GIVEN INFORMATION: Begin

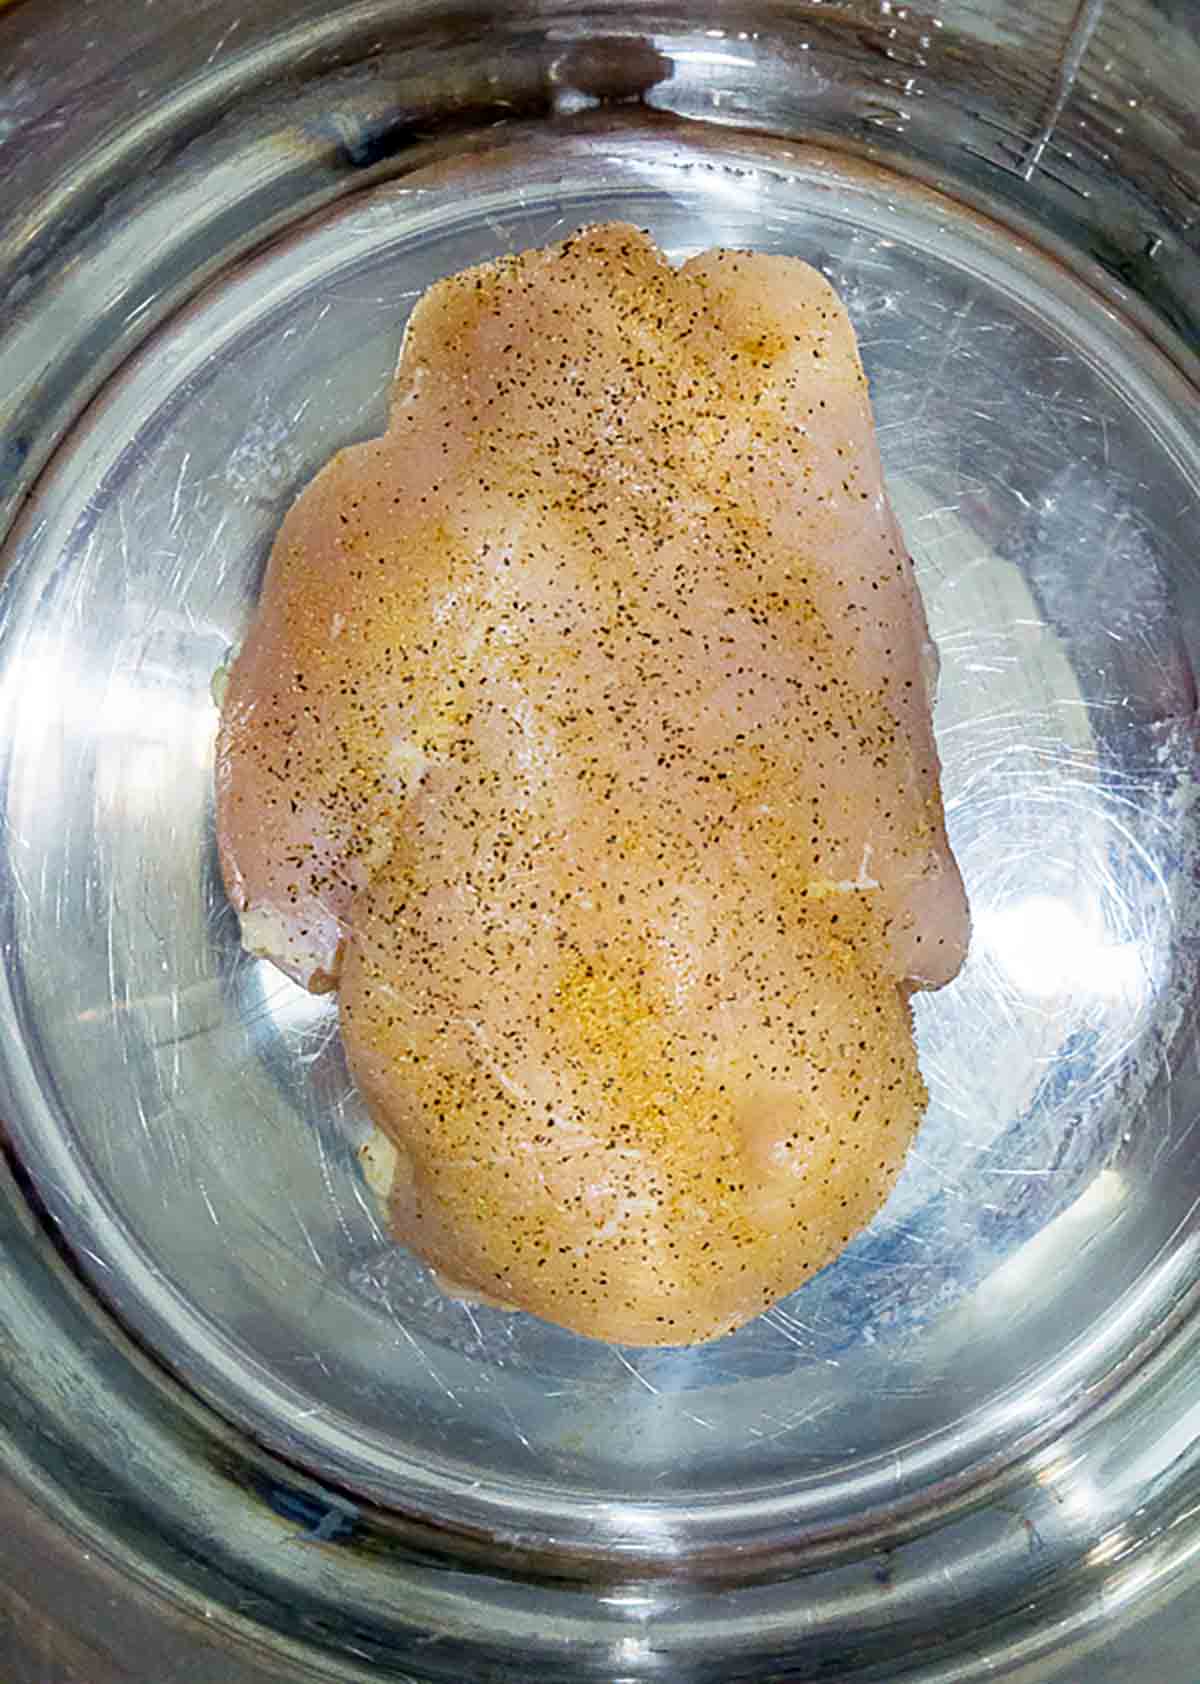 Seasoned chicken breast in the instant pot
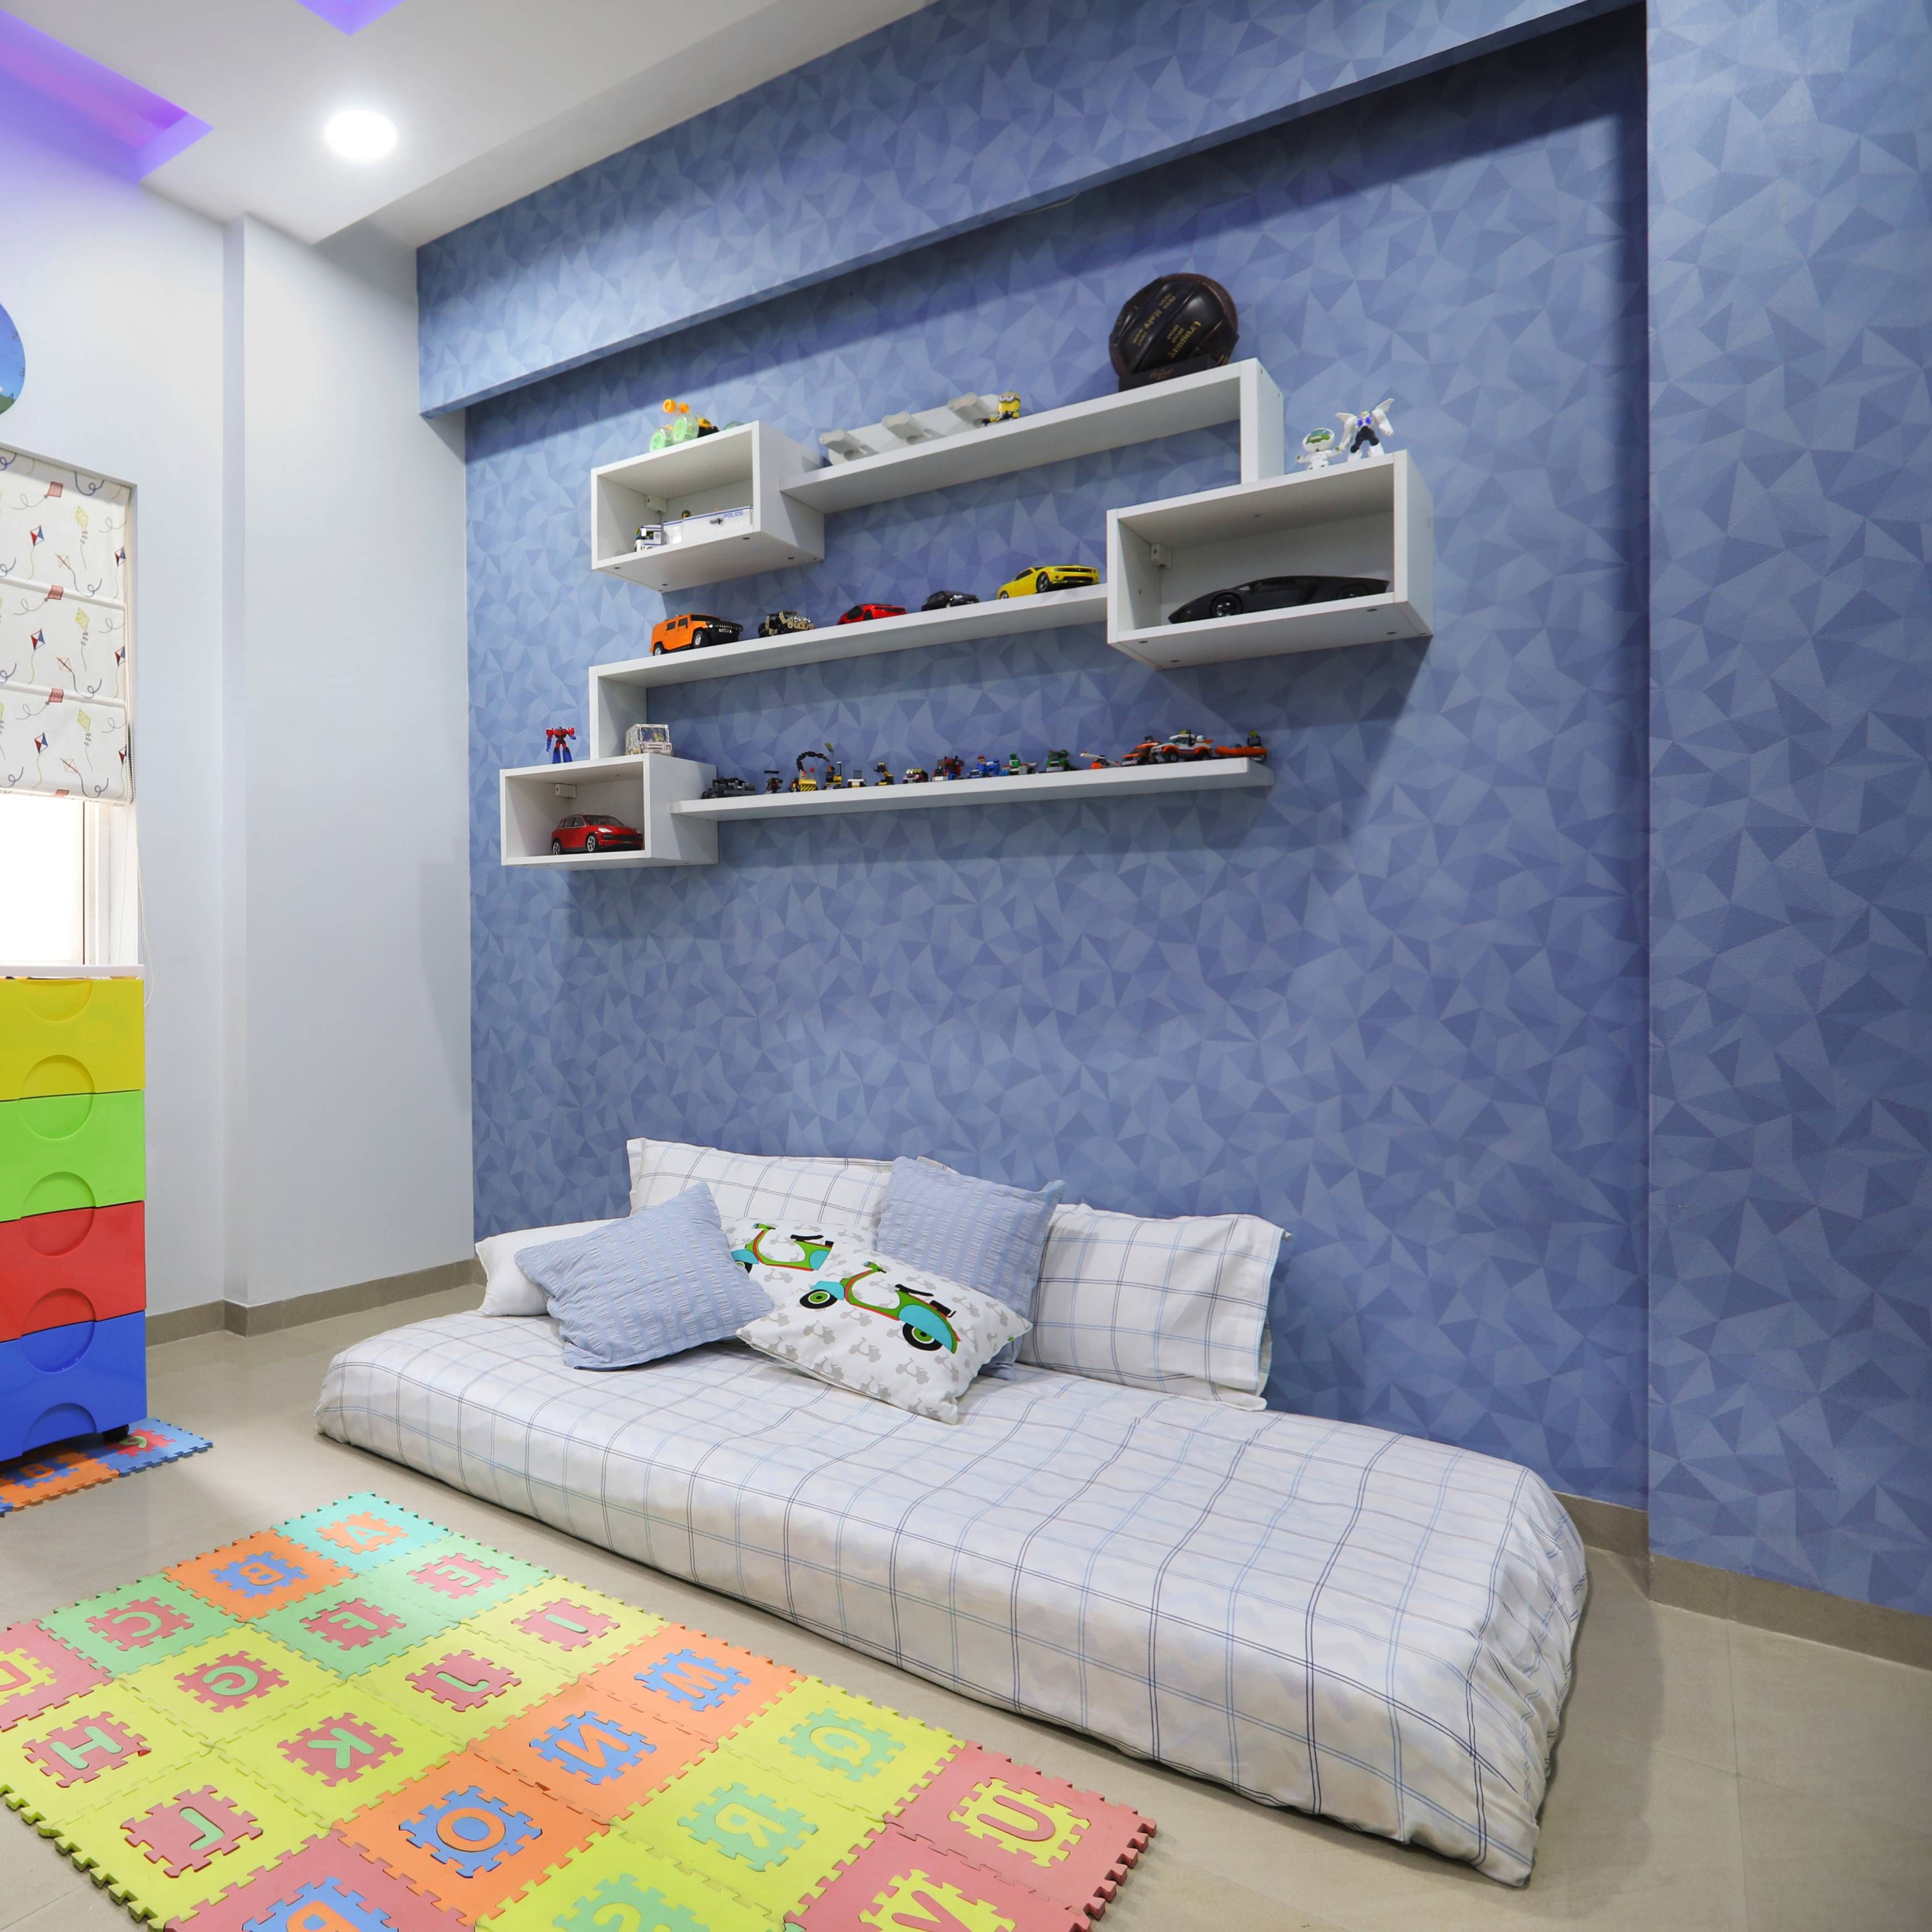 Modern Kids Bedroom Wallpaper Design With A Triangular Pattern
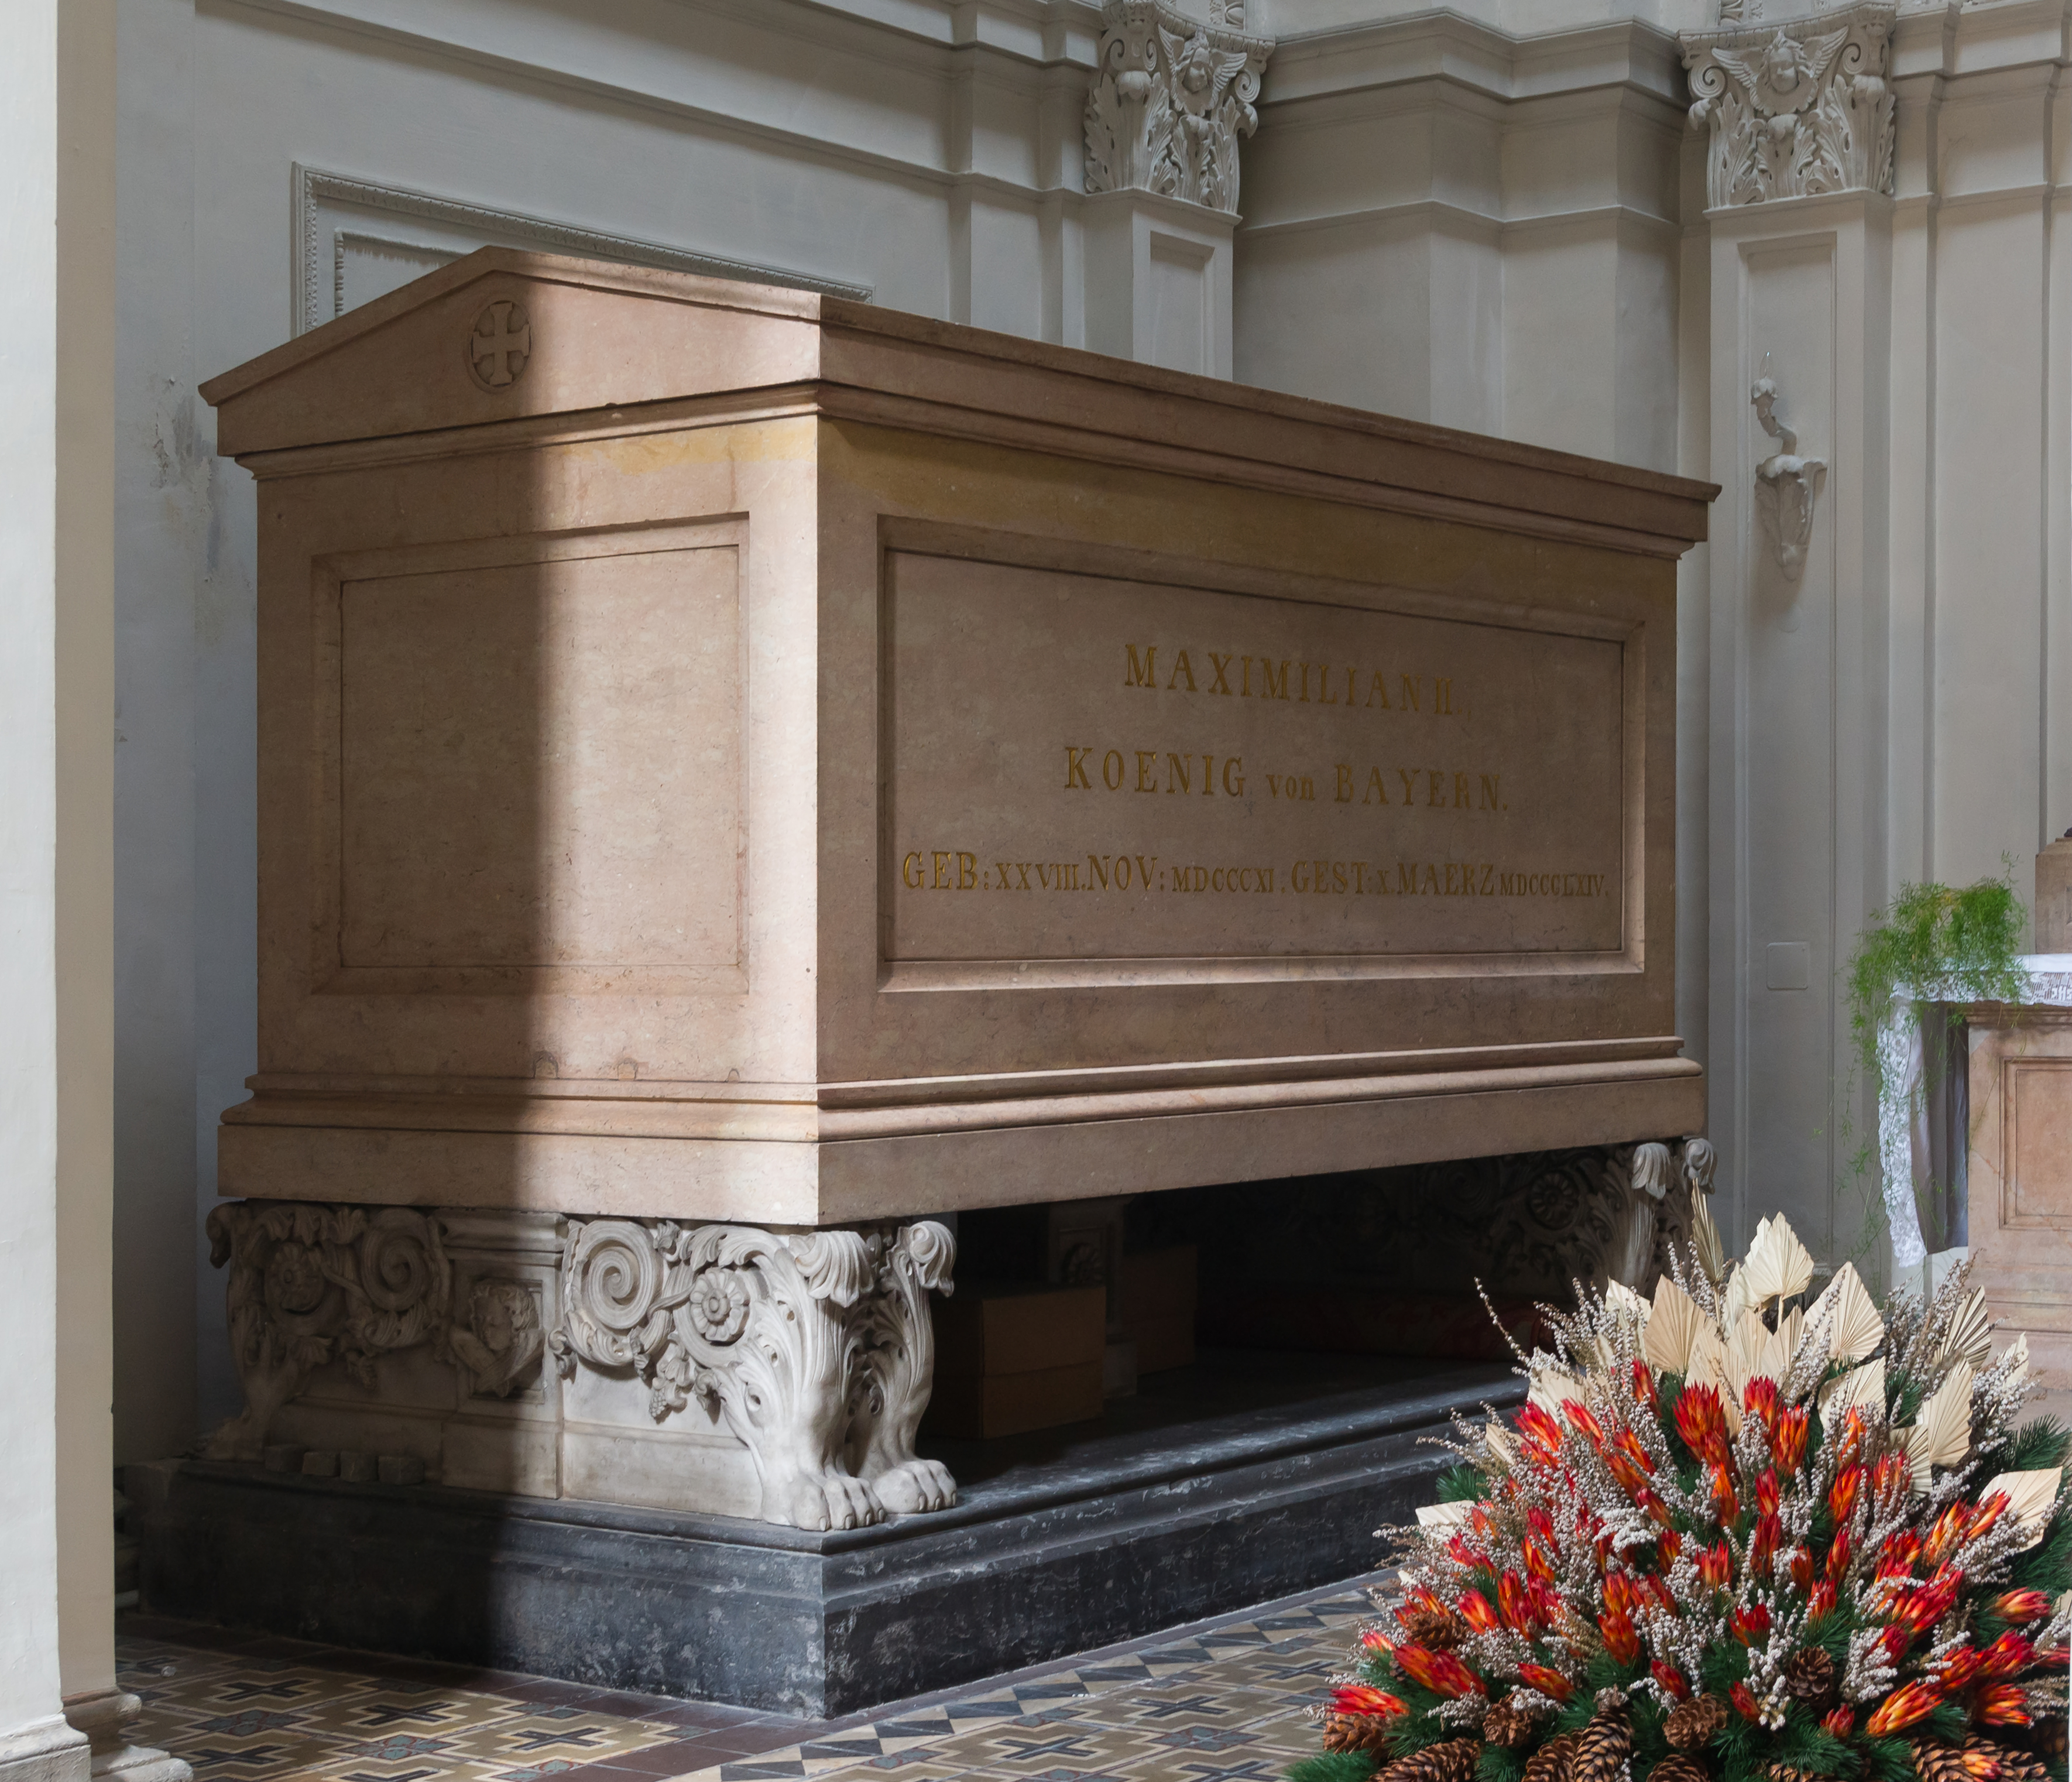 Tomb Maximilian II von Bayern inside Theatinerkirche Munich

GIVEN INFORMATION: End

> **WORK TO BE COMPLETED**: Quote the preceding listing precisely and completely, omitting its images.

> **RESPONSE TO THE EXERCISE**:
 Seasoned chicken breast in the instant pot
 Modern Kids Bedroom Wallpaper Design With A Triangular Pattern
 Tomb Maximilian II von Bayern inside Theatinerkirche Munich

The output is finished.